Но ей нечего было собирать. Она опять принялась ходить по комнате, прижимая к груди руки и судорожно дыша. Свет лампы дробился в ресницах, омоченных слезами. Было тяжело, но не хватало сил спуститься вниз.

* * *

О том, что Джек был прав, отказываясь от побега, Татьяна узнала в одиннадцать часов вечера. Именно в это время к кацауровским воротам подскакало двое верховых: следователь и милиционер.

Ссылаясь на приказание губернского прокурора, они вошли в столовую, уселись за стол и начали допрашивать Петра Скороходова. Их, собственно, интересовал только один вопрос: кто это лежит в Кацауровке связанный?

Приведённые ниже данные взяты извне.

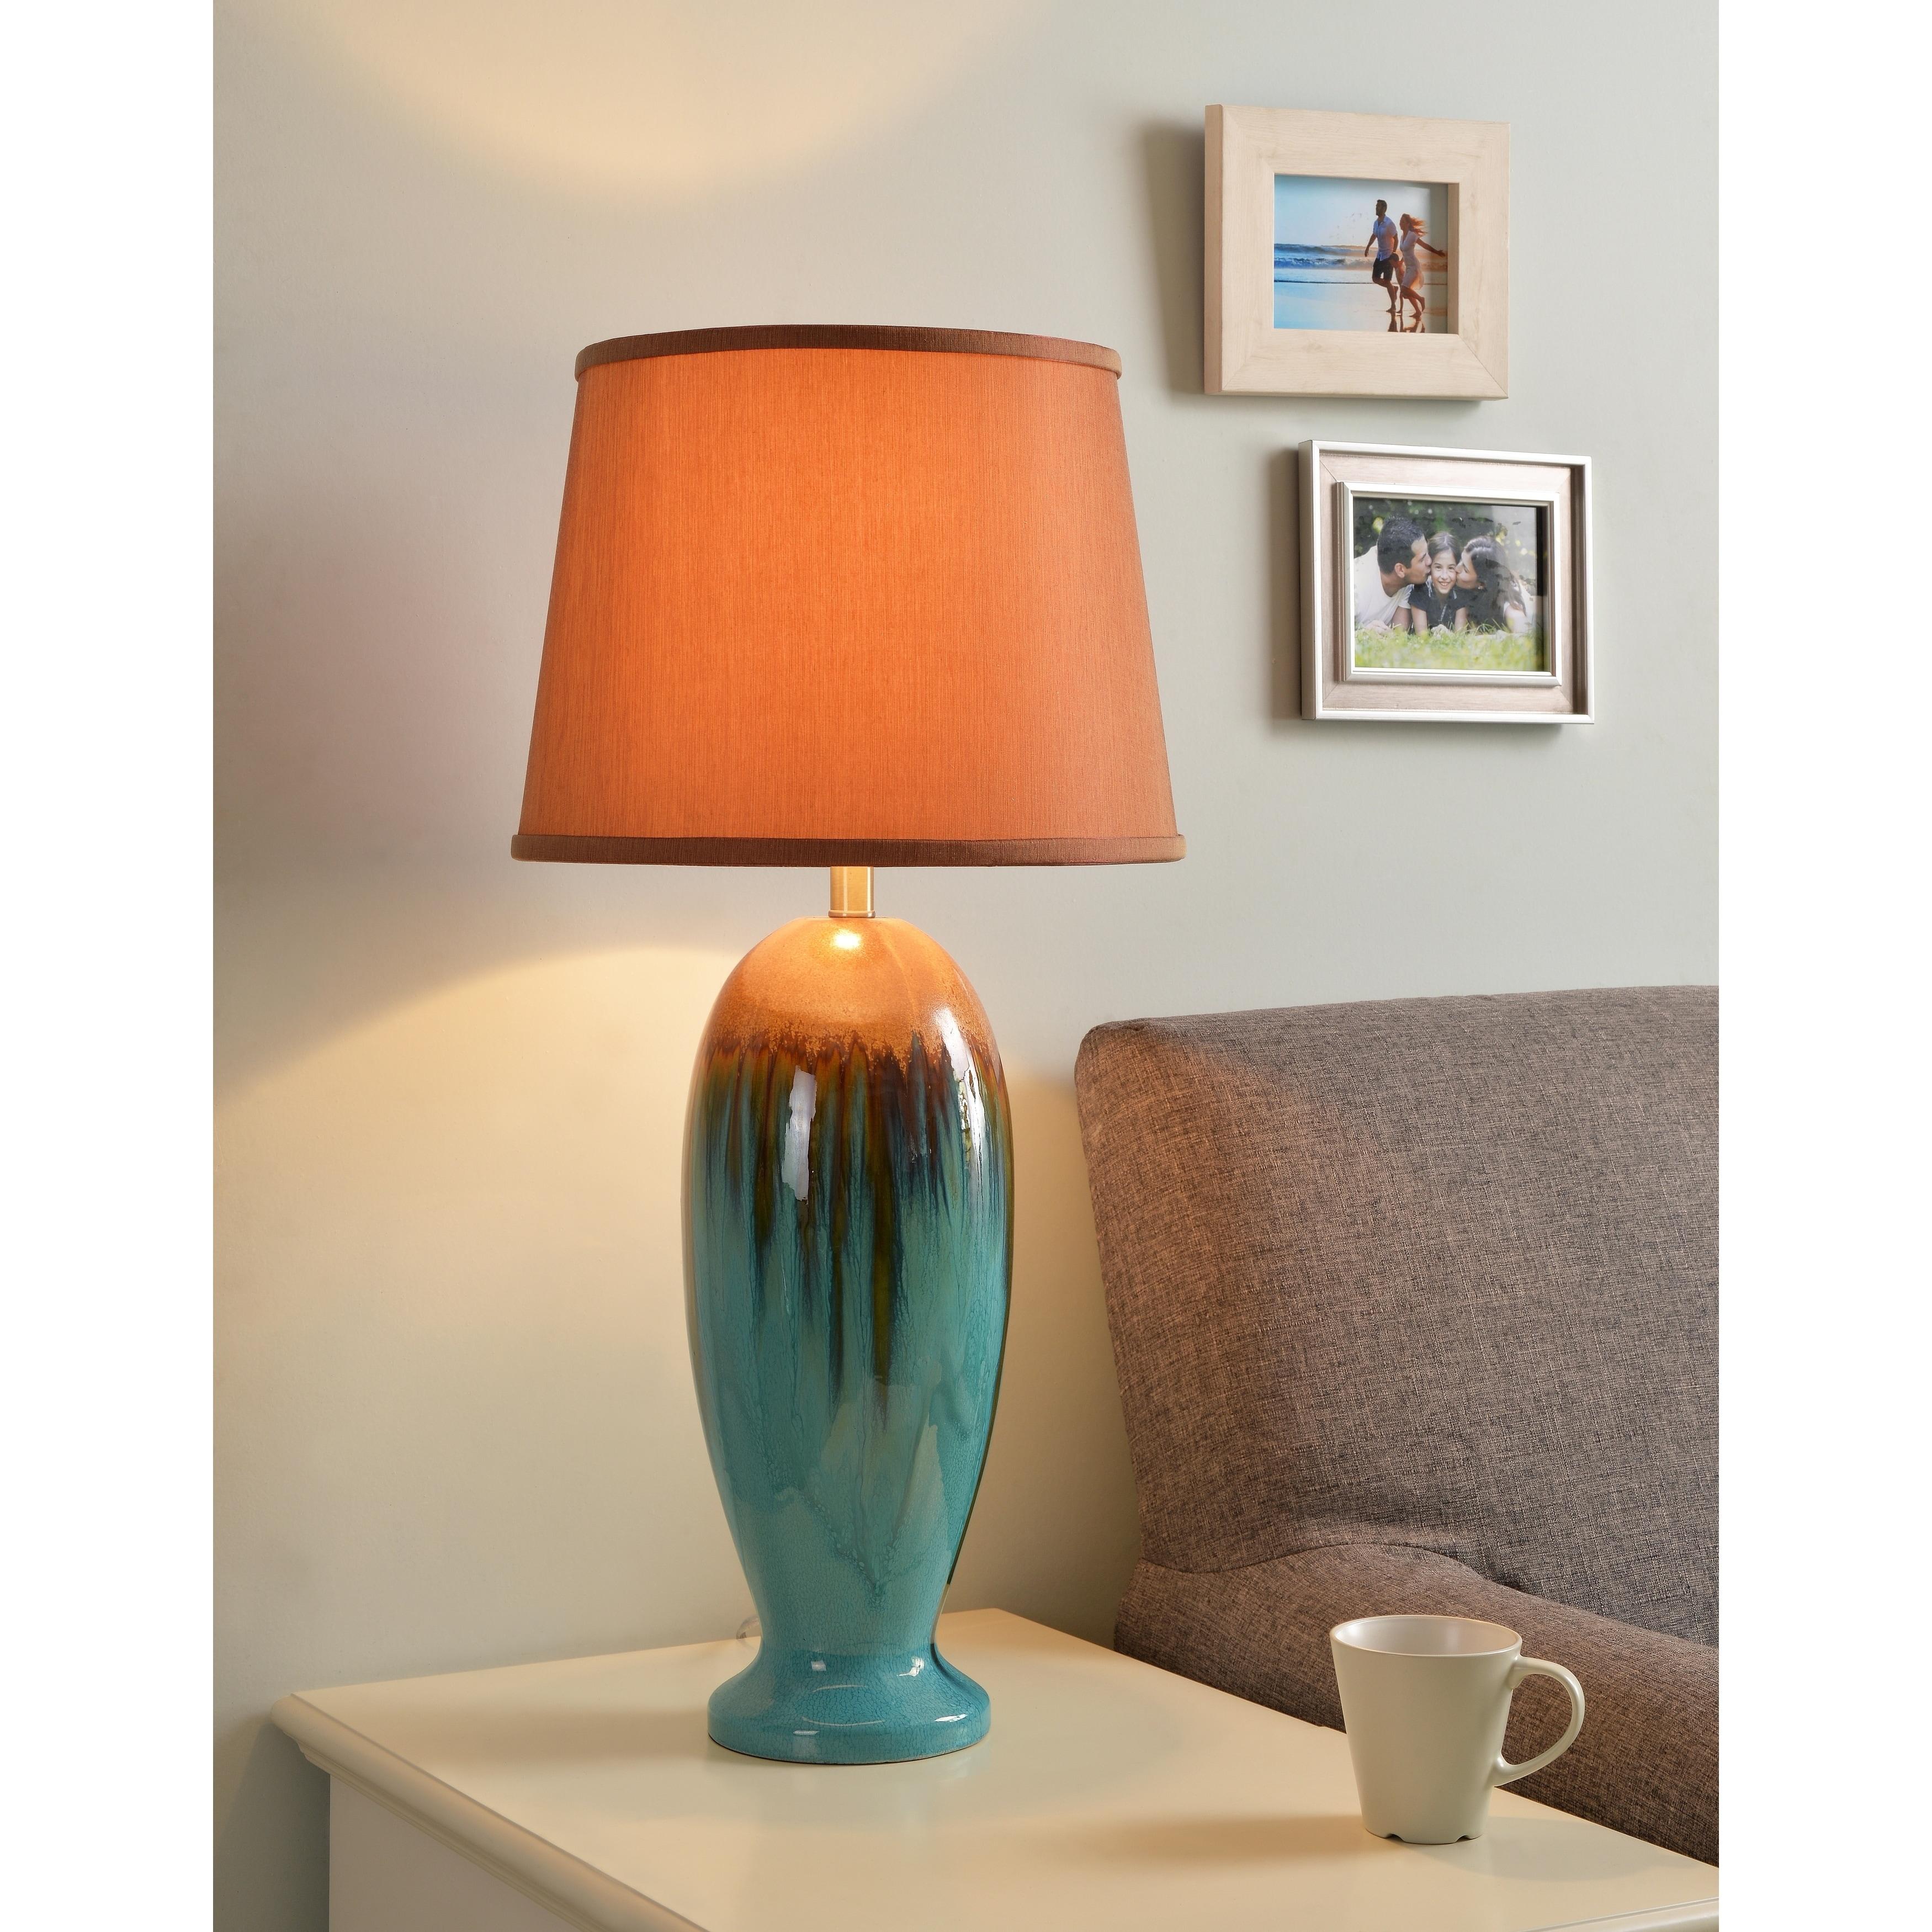 Shop Bellmore Teal Ceramic Glaze 30 Inch Table Lamp On Sale Free

– Дело в следующем… – начал Петр Скороходов весьма смущенно.

Затем, подавив смущение, он довольно развязно заявил, что никого связанного в усадьбе нет. Милиционер произвел обыск, и слова Петра подтвердились.

Тогда Татьяна вышла из-за двери, где она стояла во время допроса, и заявила следователю, что связанного человека увезли под рогожей час назад в Чижи, что она знает этого человека: это Яков Восьмеркин, председатель коммуны «Новая Америка». Все слова Татьяны подтвердила и Дуня.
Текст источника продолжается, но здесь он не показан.